With respect to representation, we fail on realism especially since the actor's memory is not adequately represented and we do not have a way of representing the social interaction patterns that occur during project execution. Minor differences in the quality of these interactions have been linked to relatively large differences in project duration [17]. Current extensions to VDT are addressing these problems by developing new representations (agents, access structures, and structuration theories) to explain how organizations adapt to new technology introductions [18]. In contrast to the representation of actor's memory which is not realistic, the representation of tasks which is derived from widely used design tools like the quality function deployment (QFD) and PERT charts is realistic. Furthermore, it appears that as tasks become more dependent on technological devices, the proportion of task duration that can be attributed purely to human cognition is reduced.

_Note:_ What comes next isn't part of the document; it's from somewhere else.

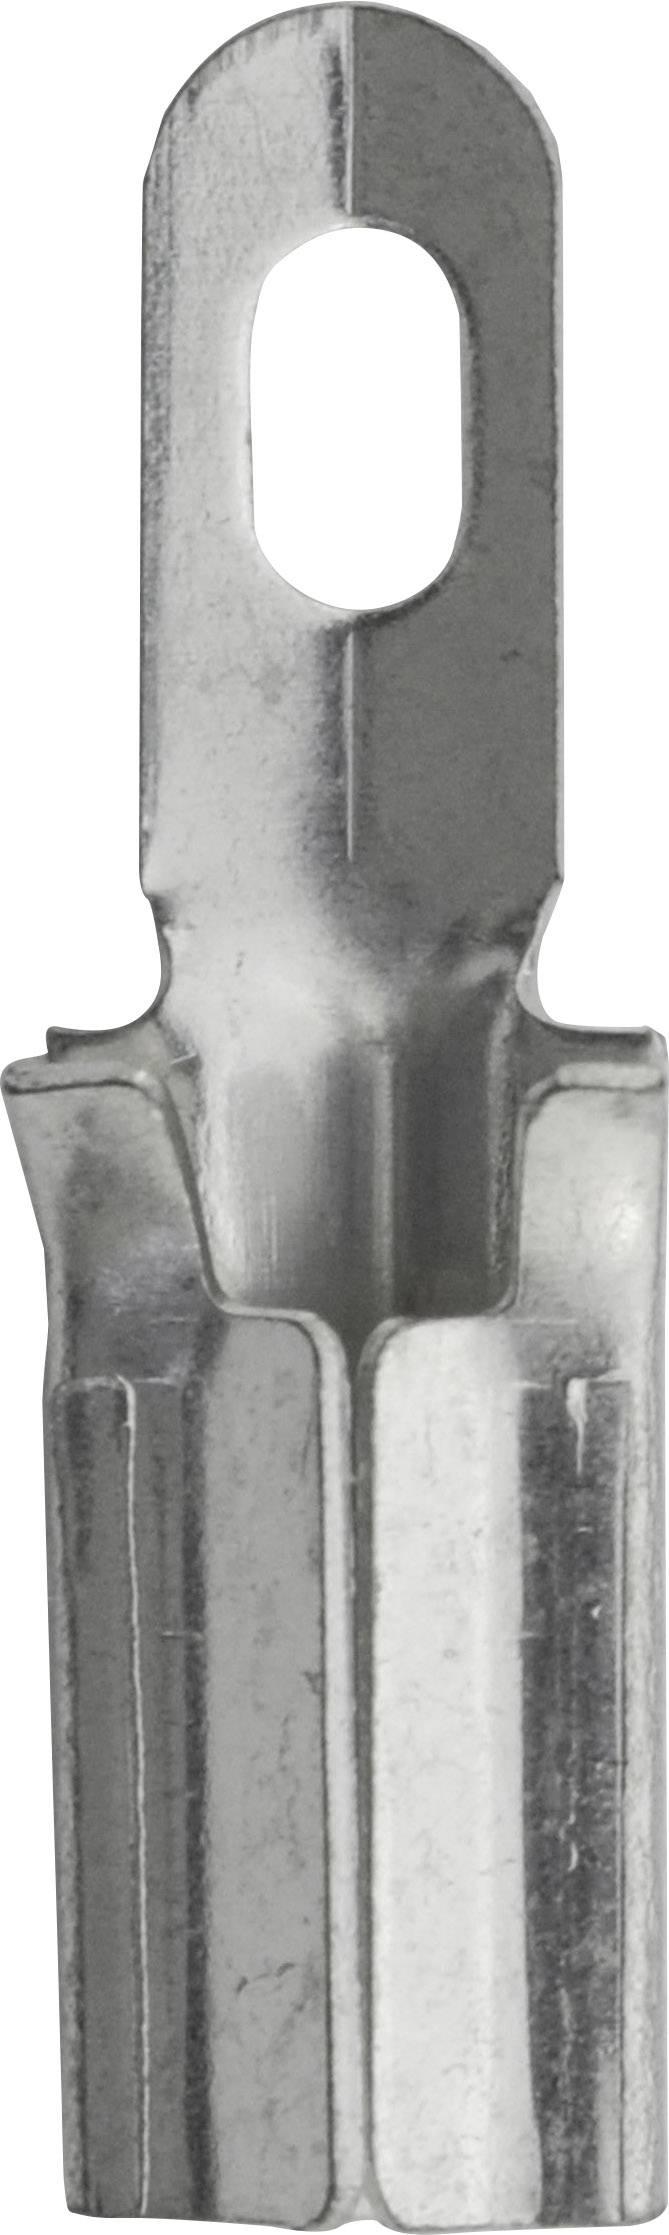 Zástrčkové kolíčky, průměr 1,3 mm - 100 ks

For further discussion of this, see Nass and Mason [19]. Thus for simulations such as VDT, which model man-machine organizations, we can expect an increase in the reliability of prediction for project duration.
This last point is perhaps the most powerful as regards the issue of realism: It provides a clear direction and strong motive for further development of this genre of simulation models. Technically, this further development will necessitate a closer coupling between the simulation environment and the class environment as shown in Figure 8. With regards to motivation, it should be clear by now that the complexity of project-based classes will limit the ability of instructors in the areas of curriculum planning, prediction and assessment. Therefore the externalization of the instructor's class concept in simulation models like VDT will help at the beginning of the year for planning purposes, and at the end of the year for diagnostic and assessment purposes.

Based on our hypothesis, it is obvious that we can simulate project-based classes with qualitative results similar to current computer simulations of engineering organizations. It is also obvious that the learning process in project-based classes cannot yet be realistically simulated. Students learn a multitude of skills and concepts in project based classes and we can begin to systematically study the different effects. We therefore need more precise benchmarks of learning in these types of classes and a good theoretical base. Overall, further research will be needed and the results of this study are indicative of the potential benefits we can expect in future.
We would like to thank Michelle Baron and Bart Balocki who worked on ME210-VDT during the CE251 course and to acknowledge many helpful discussions with Yan Jin, and John Chachere.